- **YOUR GOAL**
Transcribe the whole listing below without changing a word, but leave out every image.

- **RAW DATA**
- - - - -
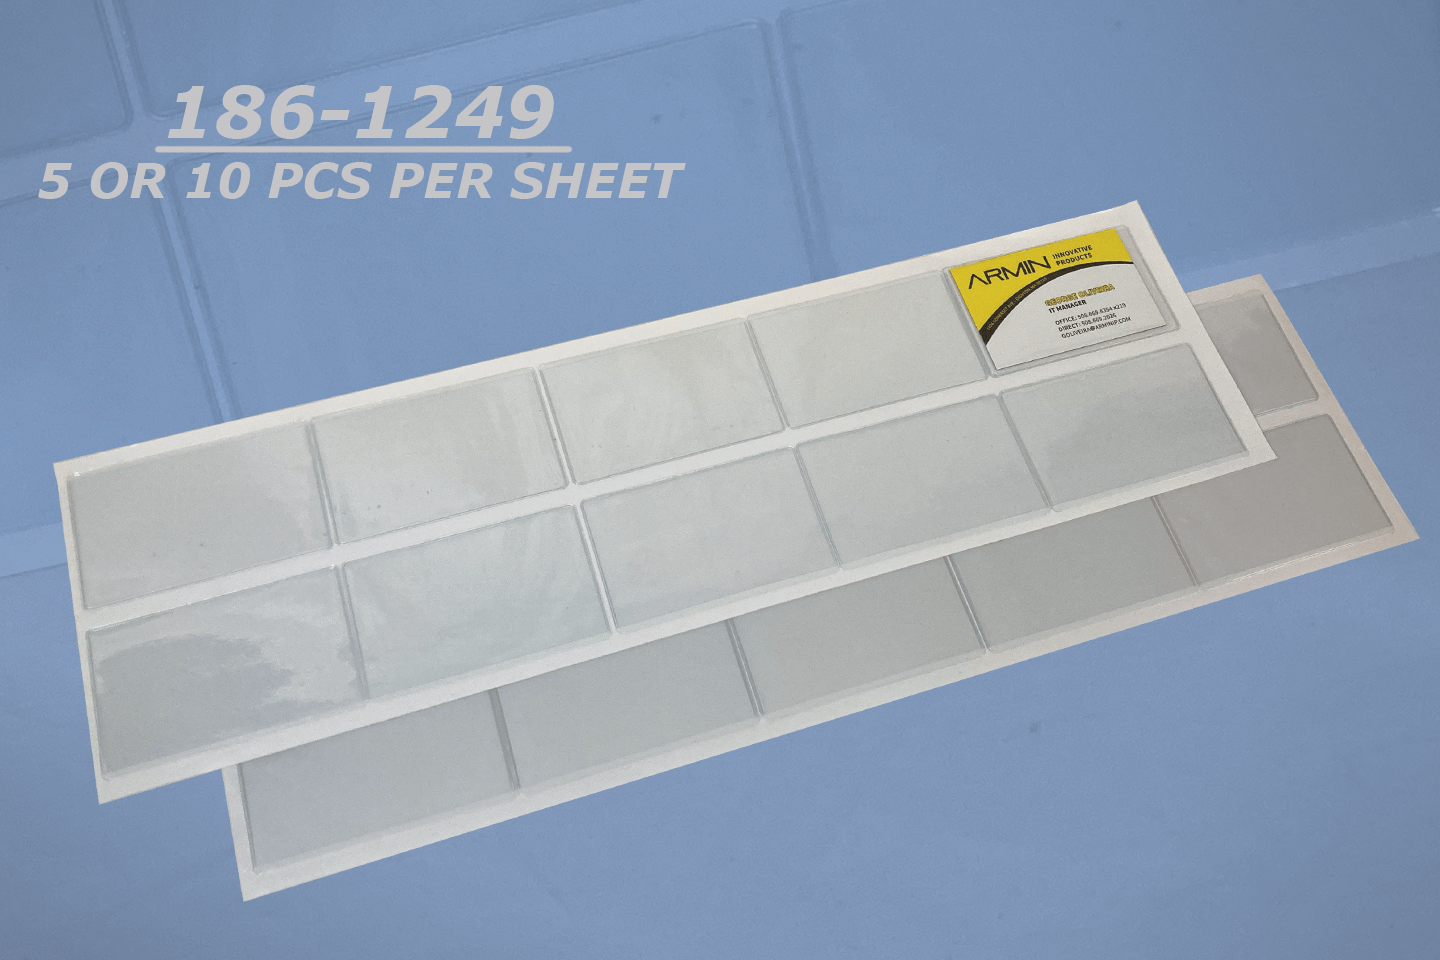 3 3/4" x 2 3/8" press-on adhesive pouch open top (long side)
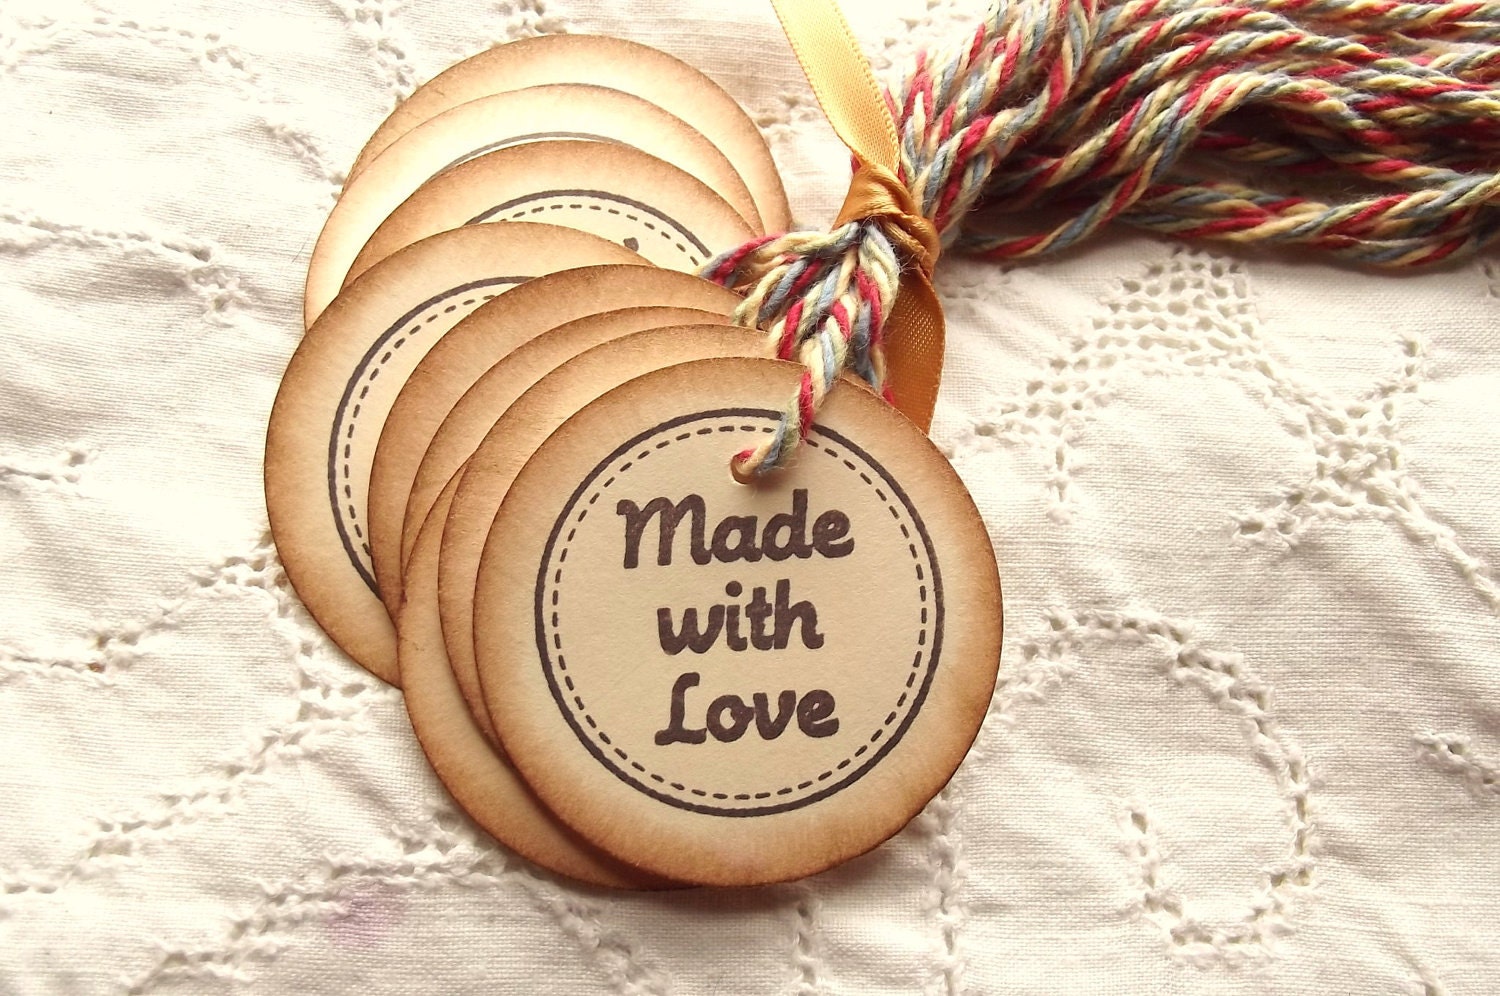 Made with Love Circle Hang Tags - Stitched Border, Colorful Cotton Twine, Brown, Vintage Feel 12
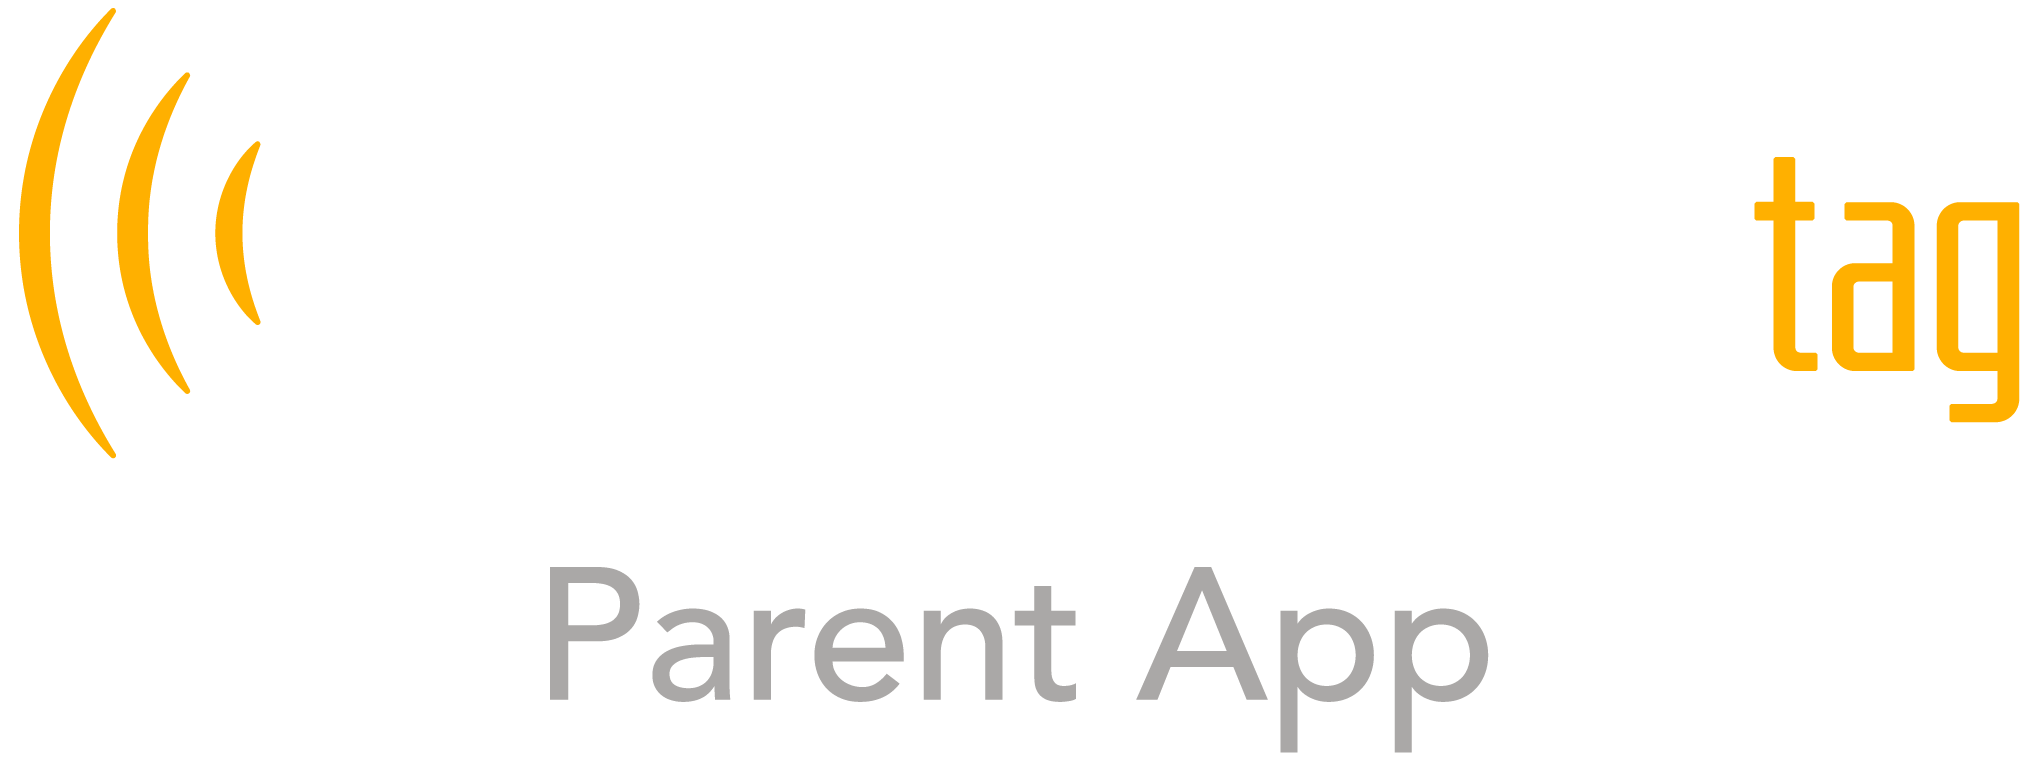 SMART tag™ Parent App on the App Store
- - - - -
- **WRITTEN RESPONSE**
 3 3/4" x 2 3/8" press-on adhesive pouch open top (long side)
 Made with Love Circle Hang Tags - Stitched Border, Colorful Cotton Twine, Brown, Vintage Feel 12
 SMART tag™ Parent App on the App Store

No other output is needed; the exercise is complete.